To assess the occurrence of off-target mutations caused by Cas9 in the process, we further analyzed the whole-genome sequencing result for 48A-7. We used Cas-OFFinder43 to predict potential Cas9 off-target sites in the KitaakeX genome28 and identified ten candidate sites (Supplementary Table 3). Sequence analysis indicates that none of the ten predicted off-target sites is mutated in plant 48A-7 (Supplementary Table 3 and Supplementary Data 2). This is consistent with the previously reported absence of mutations at predicted Cas9 off-target sites in rice plants edited with CRISPR-Cas944. Together, these results indicate that DNA cleavage by Cas9 is highly specific to Target B in our experiment.

Rice plant 48A-7 accumulates β-carotene in the seed

Plant 48A-7 resembles the control plant Kitaake in plant stature and grain dimensions (Fig. 4a–d). The dehusked seeds derived from 48A-7 are golden in color, indicating the accumulation of carotenoids in the endosperm (Fig. 4e). Because the major carotenoid in the endosperm of GR2 is β-carotene30, we quantified the β-carotene content in the endosperm from 48A-7 using high-performance liquid chromatography (HPLC) (Supplementary Fig. 6). In the dehusked, polished seeds from 48A-7, the β-carotene content was 7.90 ± 0.19 μg g−1 dry weight (Supplementary Table 4), while no significant amount of β-carotene was detected in the dehusked, polished Kitaake seeds. The observed β-carotene content in 48A-7 is slightly lower than that of the GR2 transformation event GR2E in japonica rice variety Kaybonnet under greenhouse conditions (9.22 μg g−1 dry weight)30, and comparable to the higher end of the range of β-carotene content measured in field-grown indica rice variety PSB Rc82 (1.96–7.31 μg g−1 dry weight)32. The difference in the β-carotene content observed in these studies may be due to the differences in growth conditions, genomic positional effects, and/or post-harvest decay of the carotenoids45, the rate of which varies among cultivars46. The difference in endogenous carotenoid metabolic components among cultivars may have also contributed to the difference in the level of β-carotene accumulating in the endosperm47. Overall, rice plant 48A-7 accumulates a high level of β-carotene in the endosperm.

Fig. 4: Trait assessment of the homozygous carotenoid-enriched rice line 48A-7.
figure 4

a Morphology of the 70-day-old Kitaake and 48A-7 plants. b Grain length comparison between Kitaake and the progeny of 48A-7. c Grain width comparison between Kitaake and the progeny of 48A-7. d Dry grain weight of randomly picked seeds from Kitaake and the progeny of 48A-7 (n = 100). Horizontal bars represent the mean value. e Picture of 100 randomly picked dehusked seeds from Kitaake and the progeny of 48A-7. White scale bars represent 1 cm. The source data underlying Fig. 4d are provided as a Source Data file.
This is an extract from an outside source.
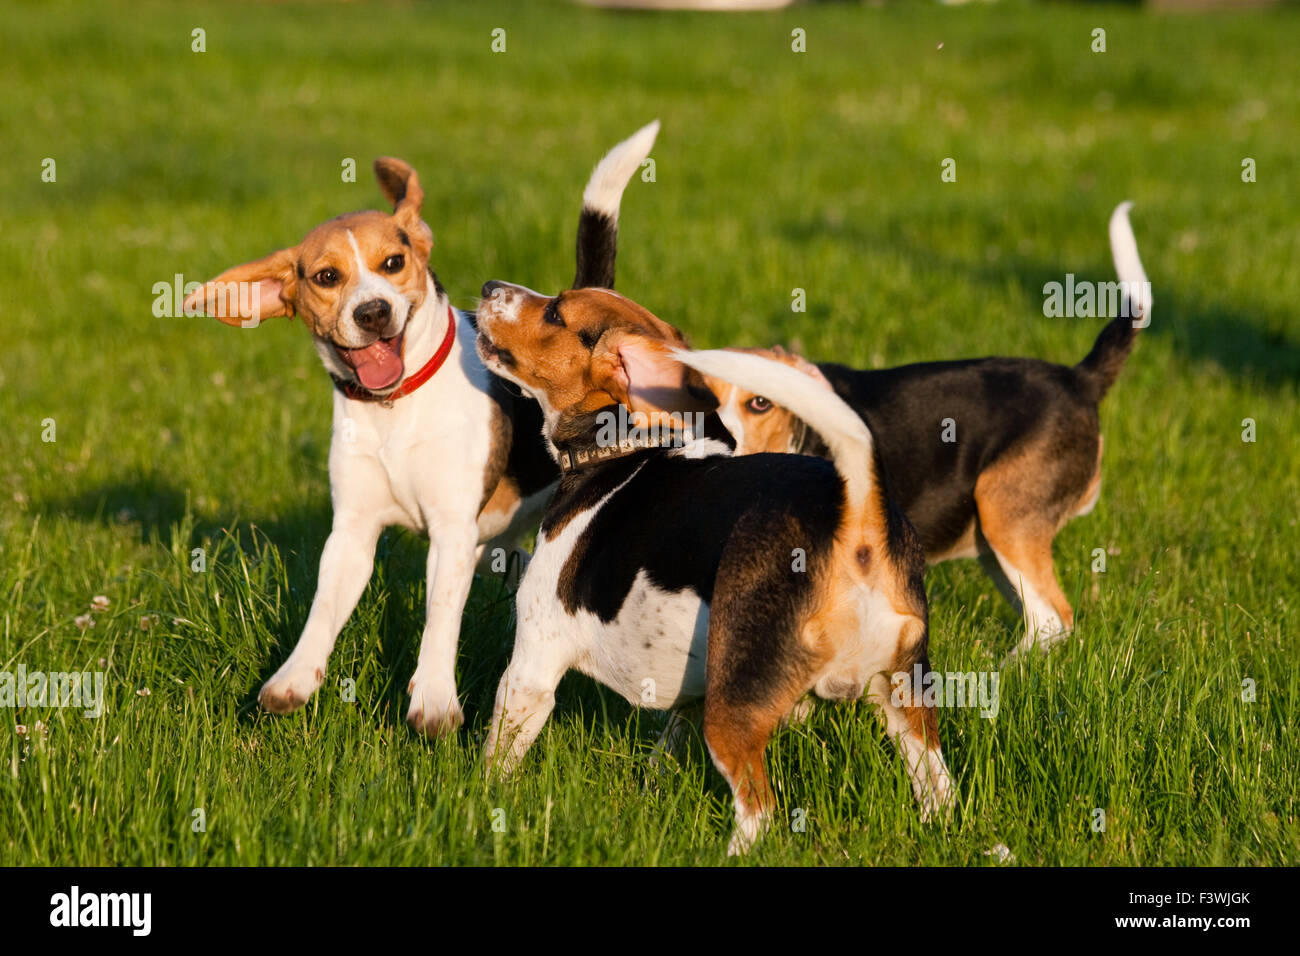 Energetic Beagle dog playing in a park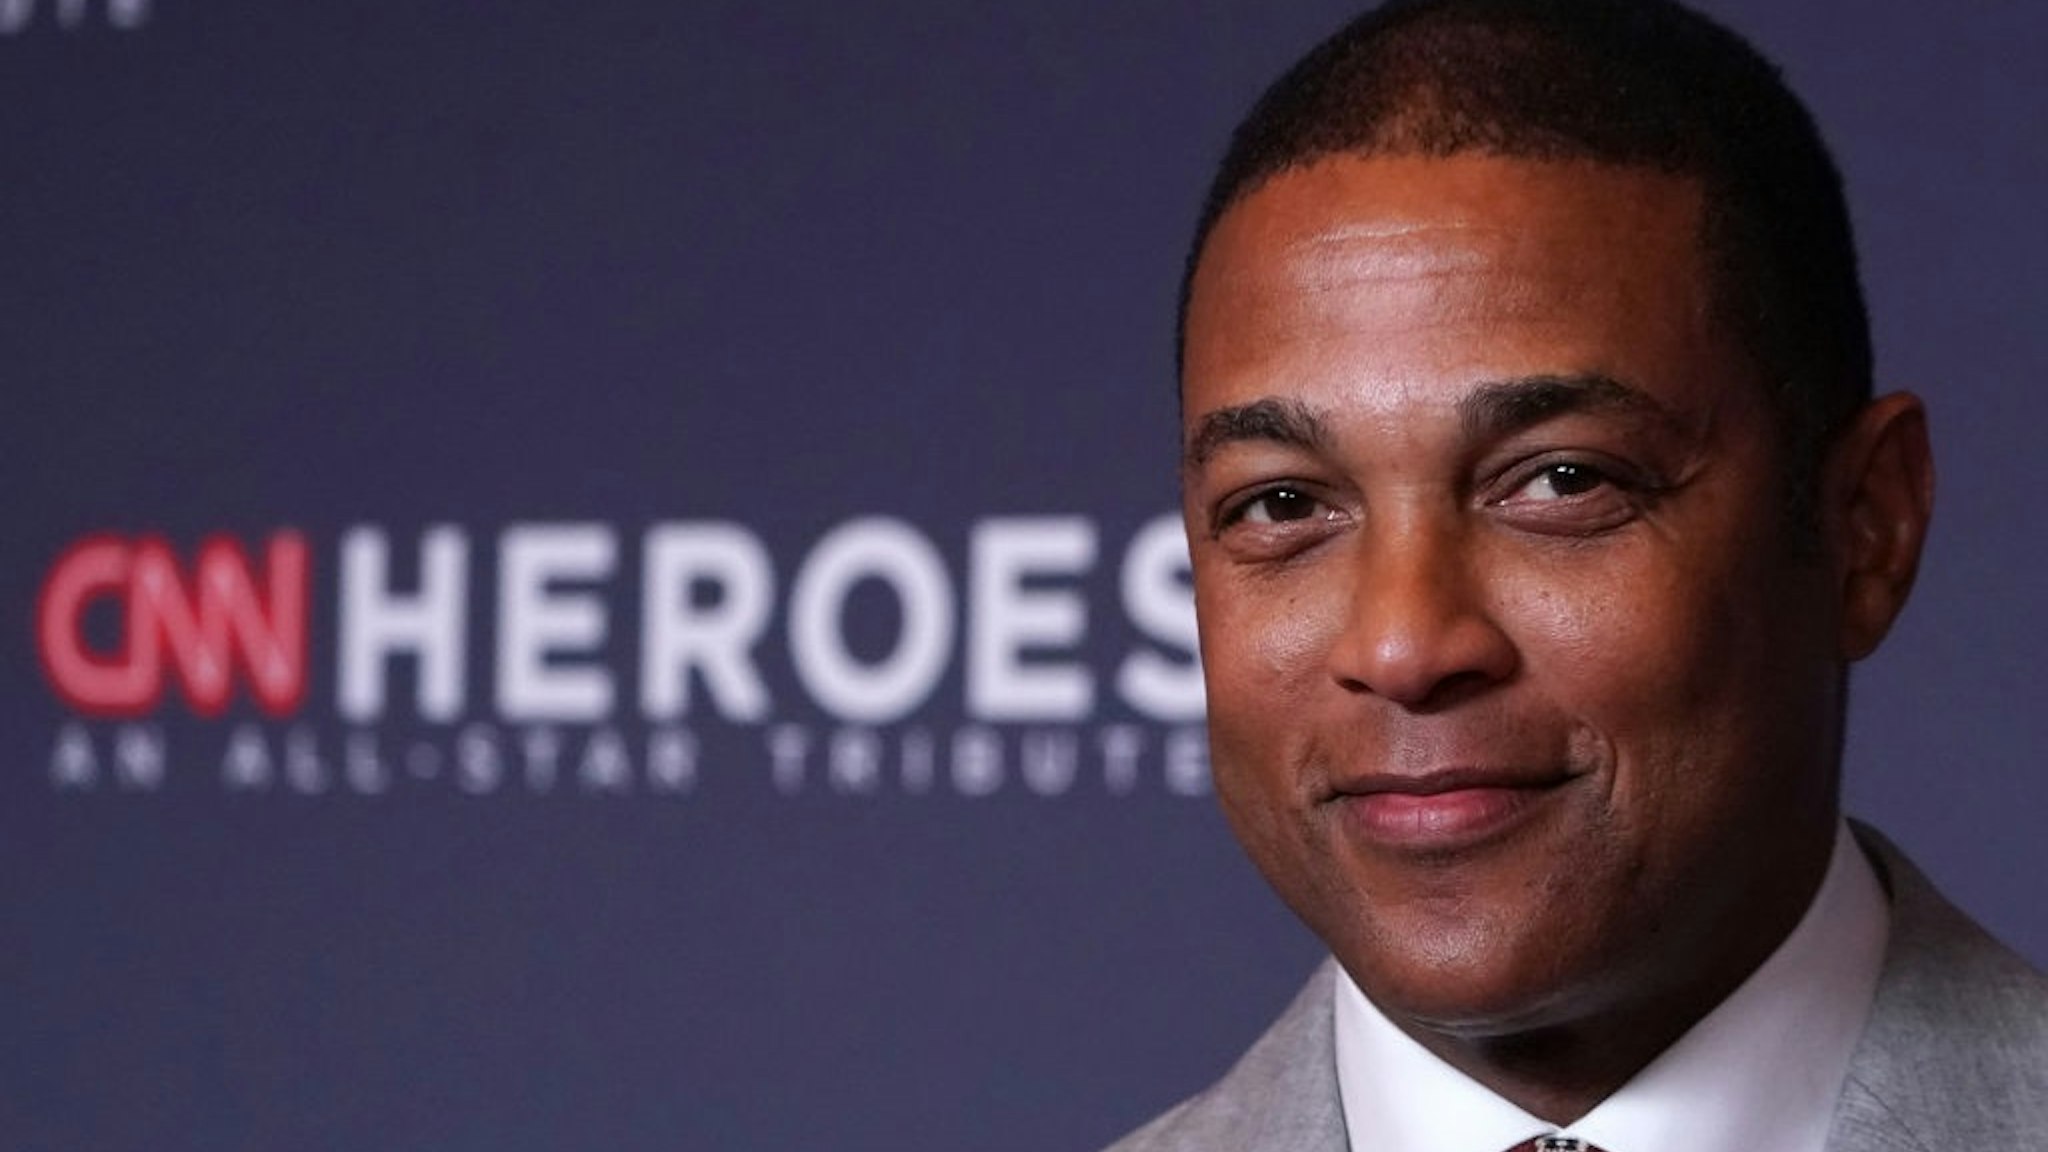 NEW YORK, NEW YORK - DECEMBER 08: Don Lemon attends the 13th Annual CNN Heroes at the American Museum of Natural History on December 08, 2019 in New York City.

Obtaining homozygous marker-free carotenoid-enriched rice

Analysis of the whole-genome sequence of 48A-7 revealed a fragment of the CRISPR plasmid at an intergenic region on Chromosome 5, the insertion of which is likely caused by the particle bombardment process48. We genotyped multiple T0 and T1 plants for this insert by PCR using primers flanking the insertion site. A homozygous 2.4 kb insert was detected in 48A-7 (Supplementary Fig. 7). One copy of this insert was also detected in T0 plants #11, #16, #17, #24, #28, #48, and #50 (Supplementary Fig. 7). This result indicates that these seven T0 plants are most likely derived from a single transformation event, which carries the 2.4 kb fragment resulting from the particle bombardment process. The 2.4 kb insert is absent from T0 plant #1, which suggests that T0 plant #1 resulted from an independent transformation event (Supplementary Fig. 7). To remove the 2.4 kb insert from the homozygous carotenoid-enriched rice, we backcrossed the carotenoid-enriched rice line 48A-7 (maternal) with Kitaake (paternal). The resulting F1 plants were self-pollinated to generate a segregating F2 population. In the F2 generation, we identified two rice plants, 1–11 and 2–8, as being homozygous for the carotenoid cassette at Target B and free of the 2.4 kb insert (Fig. 5a, b). Seeds harvested from both plants are golden in color (Fig. 5c), indicating that both plants accumulate β-carotene in the endosperm. These marker-free carotenoid-enriched rice plants carry homozygous insertion of the carotenoid cassette at the intended genomic target.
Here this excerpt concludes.